Your assignment:
Would you transcribe word for word every line from the one containing "Carved front and sides" to the end of the data, both ends included, and leave out the rest?

[Collection entries]
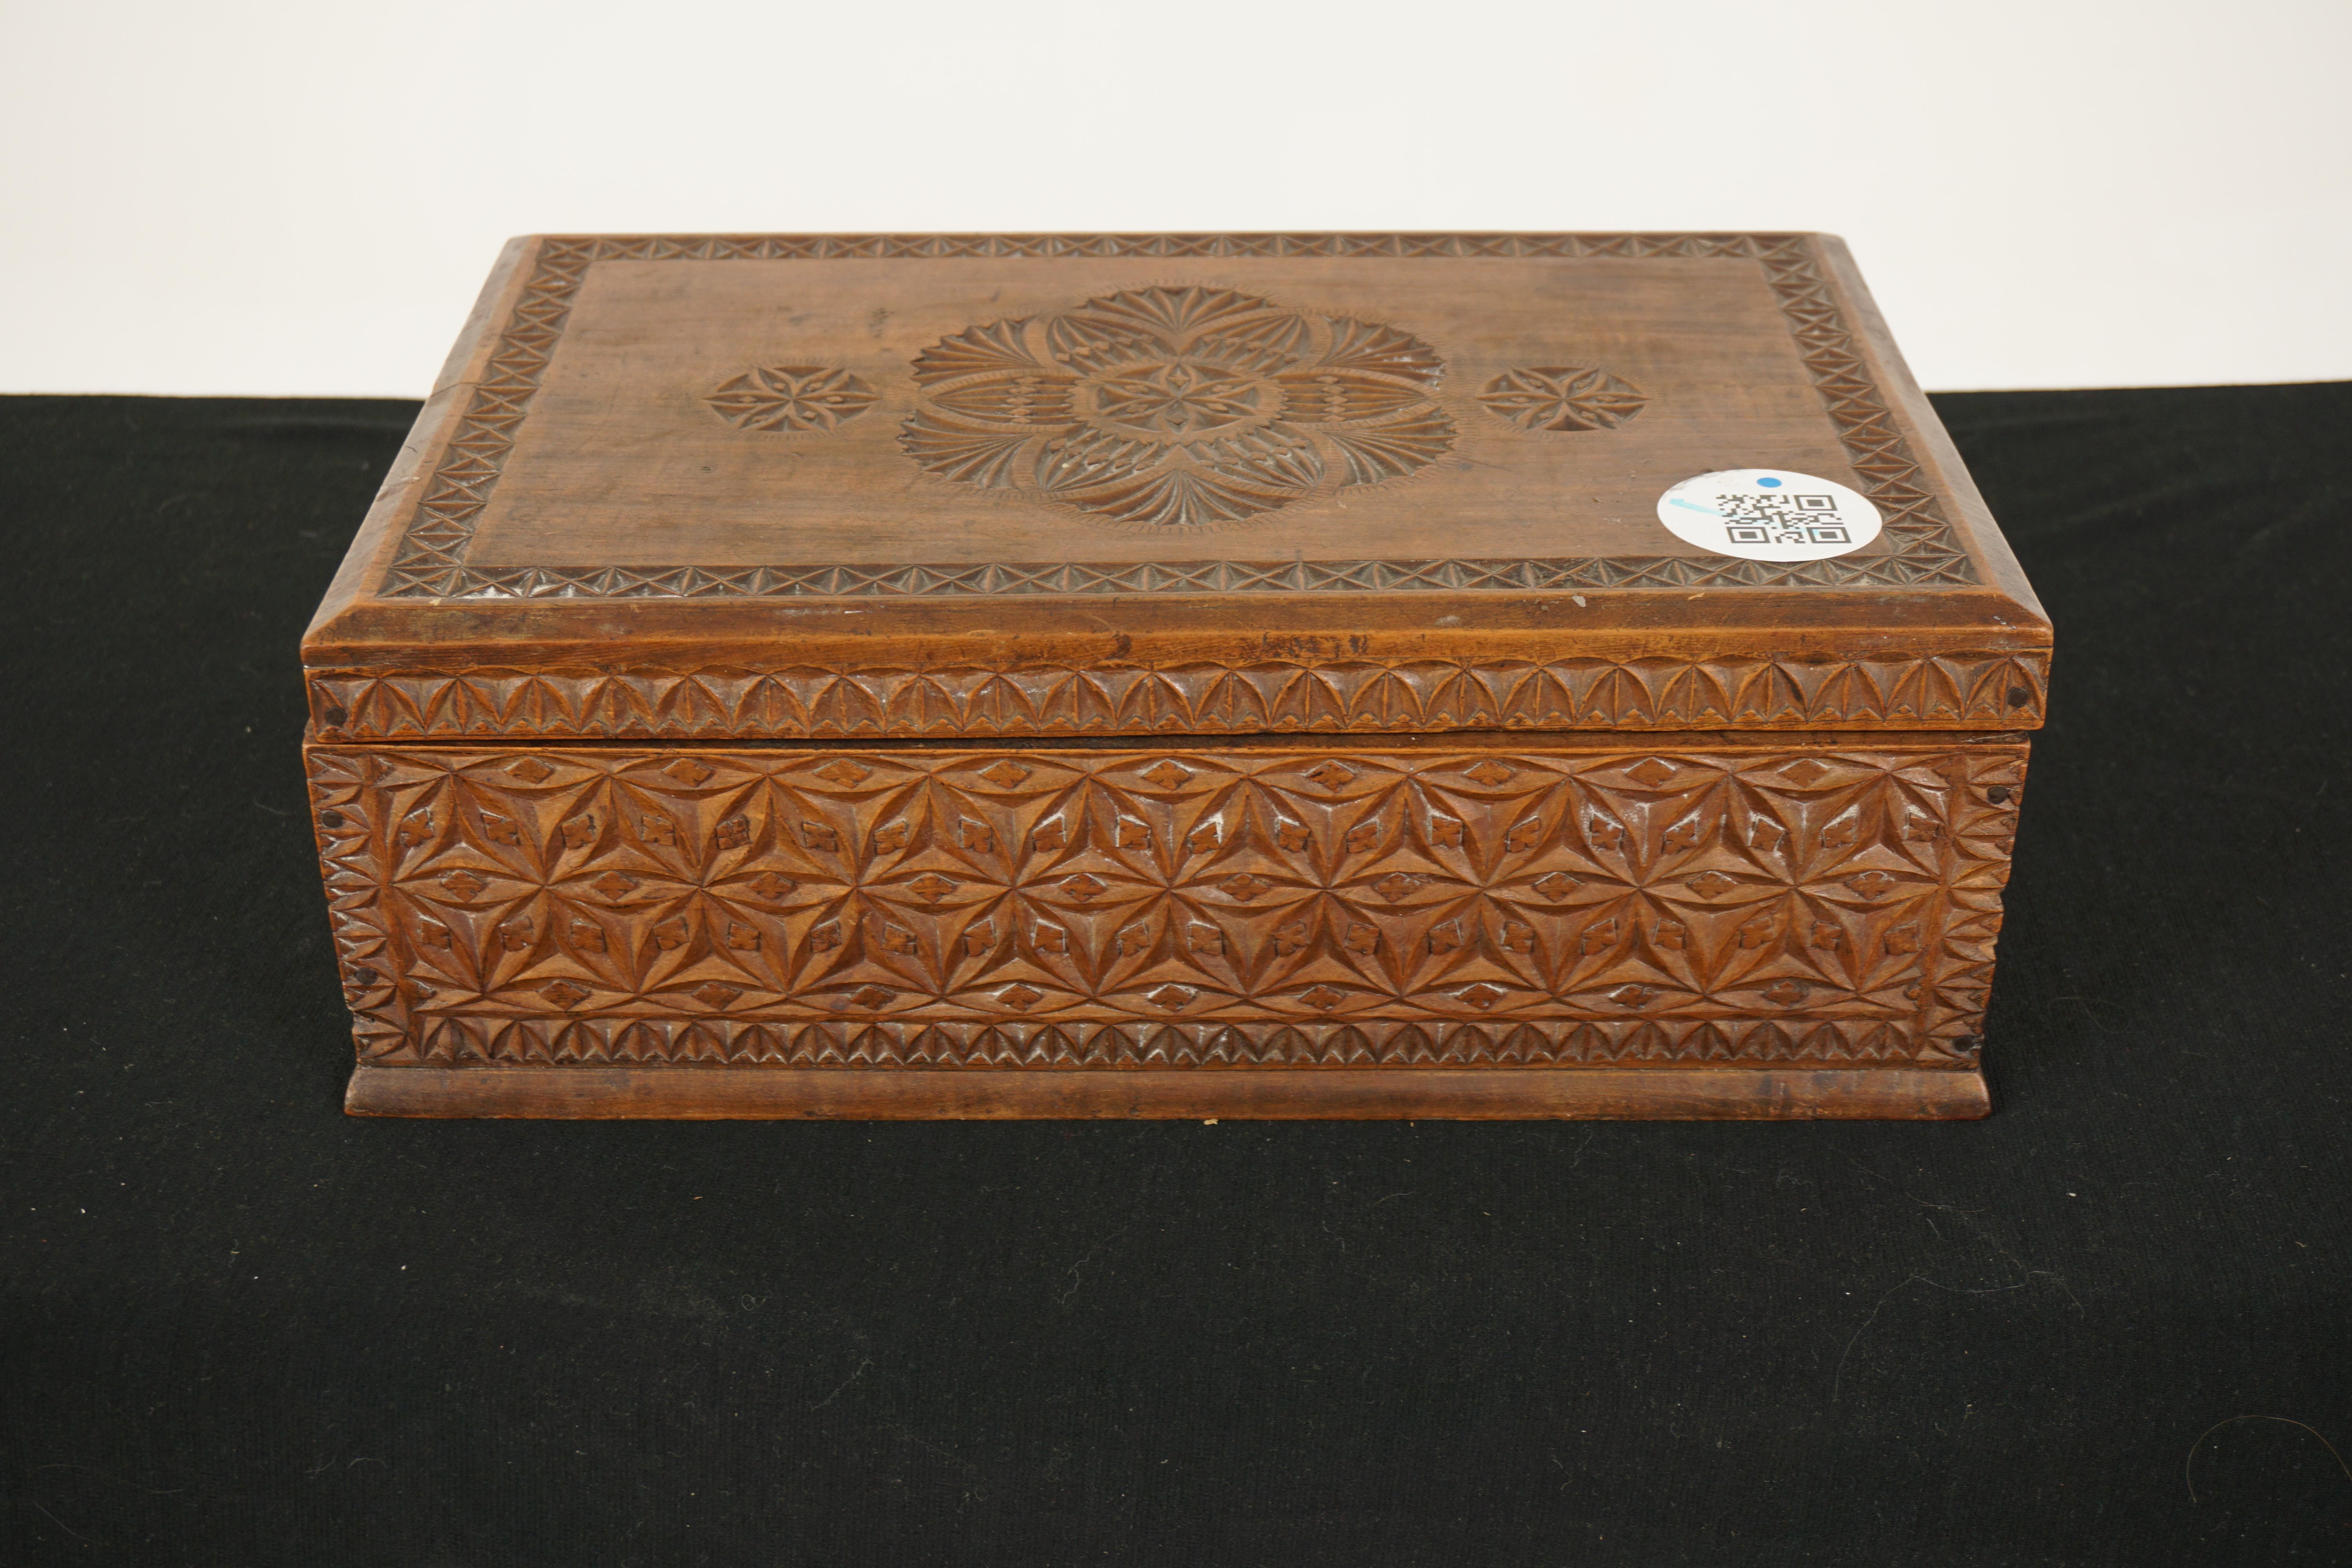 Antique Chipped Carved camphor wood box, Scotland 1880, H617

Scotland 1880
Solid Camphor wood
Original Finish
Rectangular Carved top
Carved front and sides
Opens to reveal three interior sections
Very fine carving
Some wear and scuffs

Exercise answer:
Carved front and sides
Opens to reveal three interior sections
Very fine carving
Some wear and scuffs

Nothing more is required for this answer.